UCLA’s Dodd Hall was fortified Friday night by an impenetrable network of fences, yellow-jacketed security guards and saberlike metal detectors. Inside, the students were outnumbered by suave television reporters pacing around, looking for material.

“Are you a student?!” shrieked a camerawoman with one hand on my shoulder. Her young accomplice, a fresher-looking Dallas Raines clone searching for student blood, was disappointed to discover that I was just one more media guy.

The occasion was yet another “unveiling” of the Mohammed caricatures that have been seen around the world for months (and, a few weeks ago, in a similar setting at UC Irvine), hosted by UCLA’s student objectivist group L.O.G.I.C. (Liberty, Objectivity, Greed, Individualism, Capitalism). Disciples of Ayn Rand and her ideology of radical individualism, the objectivists have been blamed for the increasingly conservative drift in American philosophy departments, where logic and certainty is worshipped, and such “relativist” fields as post-colonial, ethnic and women’s studies are abhorred. Objectivists are often described as the Larouchites of the humanities, nervous tics included.

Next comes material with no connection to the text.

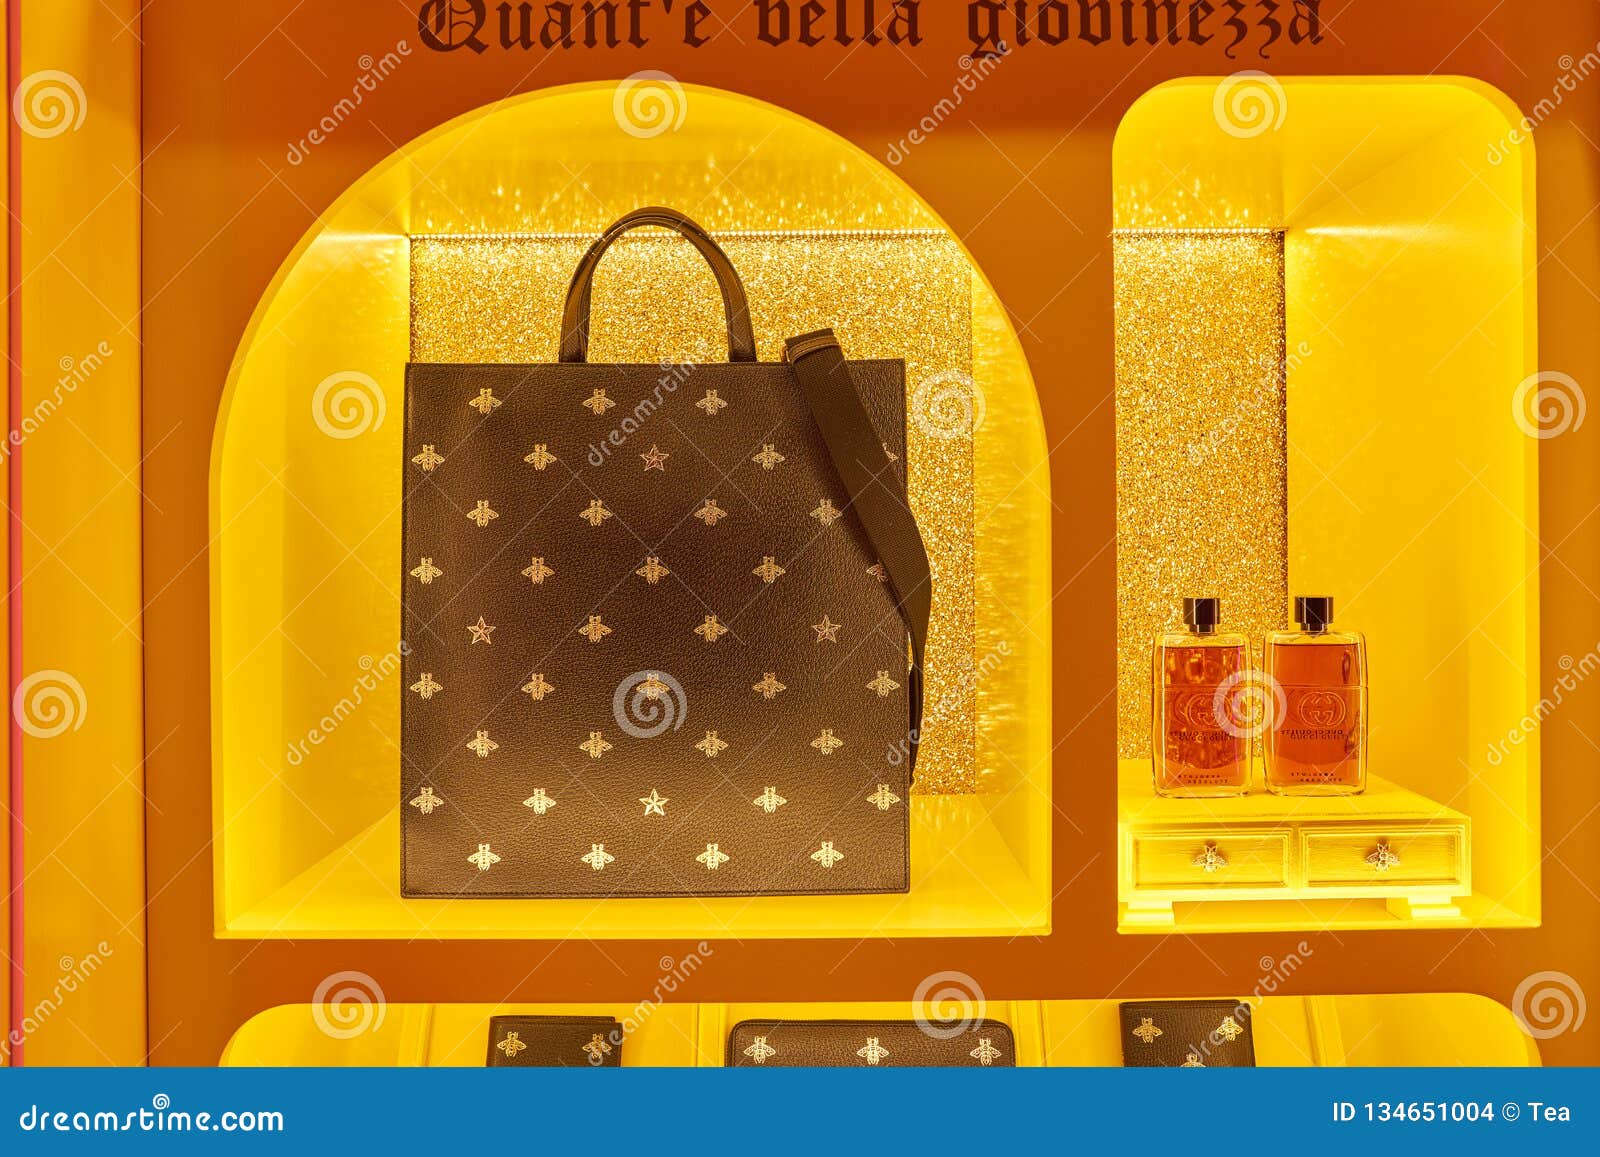 Gucci editorial stock image. Image of retail, expensive - 134651004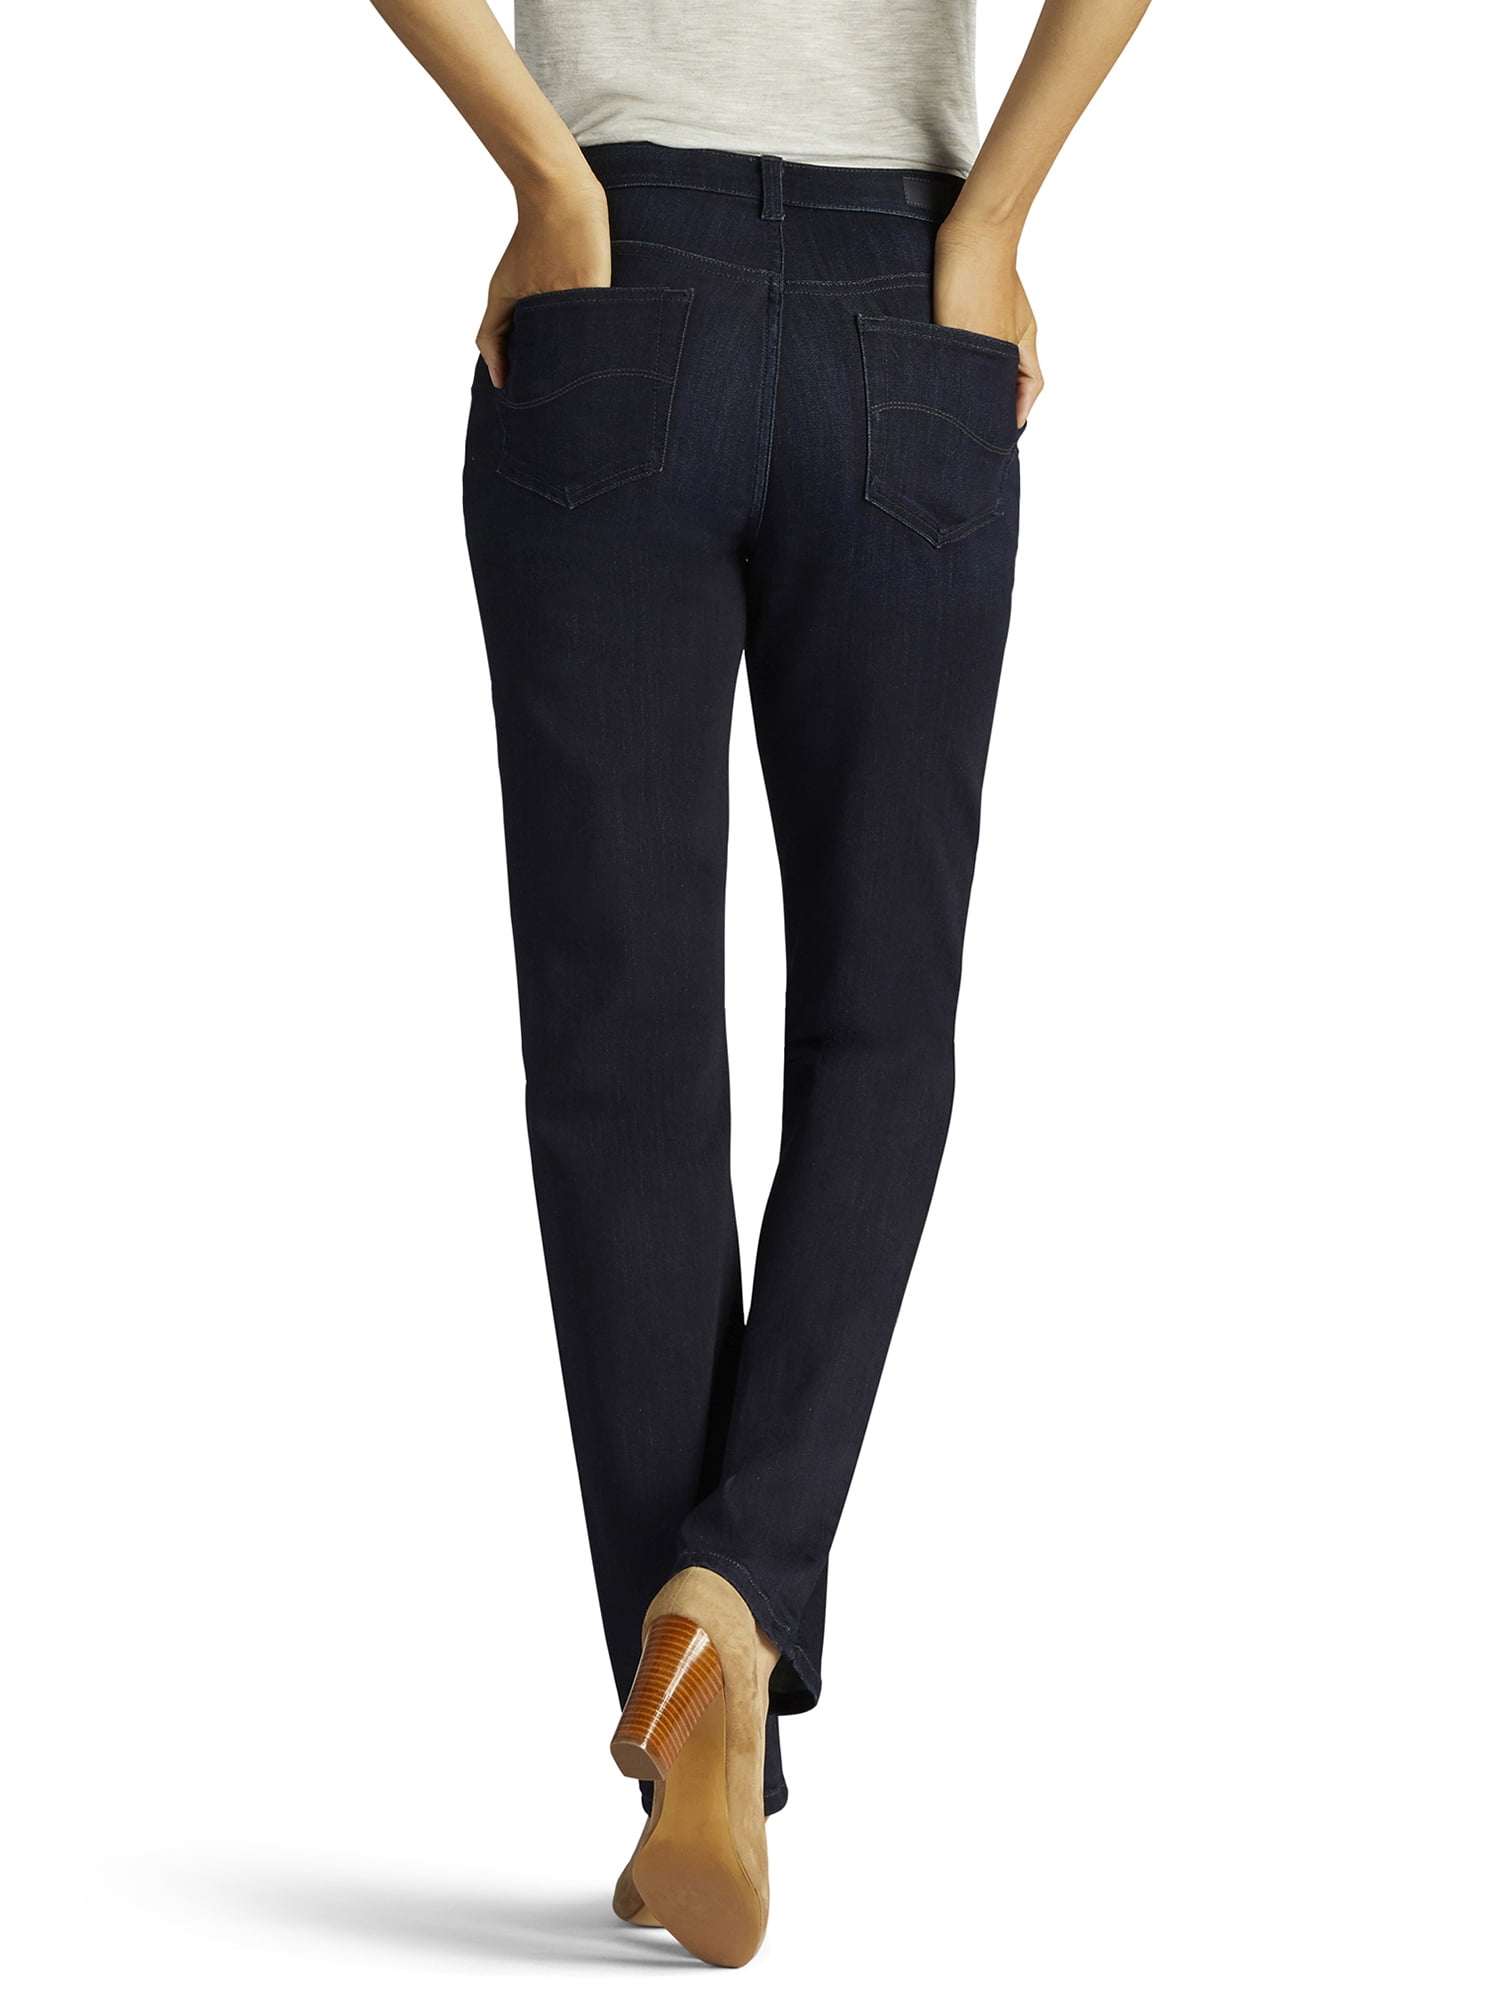 Lee Women's Relaxed Fit Straight Leg Jeans

At the L.O.G.I.C. promotional table, hosted by two very dapper reps, there was a literal pyramid of free Ayn Rand books (“Take several, for your friends and family”), as well as T-shirts for sale with slogans like “Fcuk the UN” and “Communism is a great ideal . . . FOR ANTS.” L.O.G.I.C. members seemed to share good looks and a Washington, D.C., sense of dress; they circulated aimlessly in the waiting area like overqualified interns with no task at hand.

The panelists eventually entered the auditorium escorted by a security detail (even though UCLA received no specific threats about the event). That they had managed to survive until this point constituted for the crowd an act of heroism that was rewarded with heartfelt applause. The speakers included Ayn Rand Institute president Yaron Brook, who was introduced as an authority on Middle Eastern affairs, due to his experience serving in the Israeli Defense Forces; Avi Davis, a freelance Australian journalist who occasionally reports on the Arab world; Kevin James, a right-wing radio host; and finally, Dr. Khaleel Mohammed, professor of religion at San Diego State.

“Thank you for making the decision to be here tonight,” said L.O.G.I.C. Chief Officer Arthur Lechtholz-Zey, in accordance with the objectivist principle of rational choice. Discussion got under way, but was interrupted by an organizer who indicated that the time had come for the caricatures to be unveiled.

A grim silence fell over the room. After allowing the audience a moment to process the significance of what was happening, Brook issued an ominous topic sentence: “I believe the cartoon demonstrations are equivalent to 9/11 in terms of their motivation and goals.” Over the next eight minutes, after telling the audience that he stands for free speech, he reiterated the word “terror” in his Brooklyn accent until everyone was dizzy and let loose a diatribe about how we should learn from the Hiroshima example and nuke Iran into submission, and recommended that all those who had issued fatwas against the Danes “should be arrested,” and that “America should have taken action” because “violence is the only way you can stop people from talking.”

Davis spoke of the danger of Eurabia, a mystical name for a nightmare scenario in store for the U.S. if it doesn’t act: “Through negotiation, now Euro Muslims can do what they could only previously do with jihad: a takeover of Europe.”

James plugged his employer — “Red Eye Radio, where it’s cool to be American, and I speak English!” — before explaining that the “bad behavior that we saw abroad” during the cartoon protests made UCLA’s police presence necessary and is also responsible for America’s aversion to the recent Dubai ports deal.

Dr. Mohammed looked like he regretted being the token Muslim. After a brief but spirited fight (“Yes, terrorism is among my people,” he acknowledged, but also said “I’m tired of hearing this mantra of Moslems and the West. We are part of the West,” and “This is hypocrisy in the guise of free speech. It’s an issue of selectivity”), he left early to catch a train back to San Diego.

Listening to the fear-mongering rhetoric — the supposed political extension of applied logic — I reminisced about my logic classes as a philosophy undergrad, filled with innocuous symbols and connectors, and wondered how things got to this point. But just when everything seemed grayest, we were treated to a fitting and uplifting surprise. Propped up behind the panelists on tripods, one of the blown-up cartoons dislodged and fell on the moderator’s head. The panelists were stunned, and the objectivists gasped. It was the perfect, illogical poltergeist to end the evening.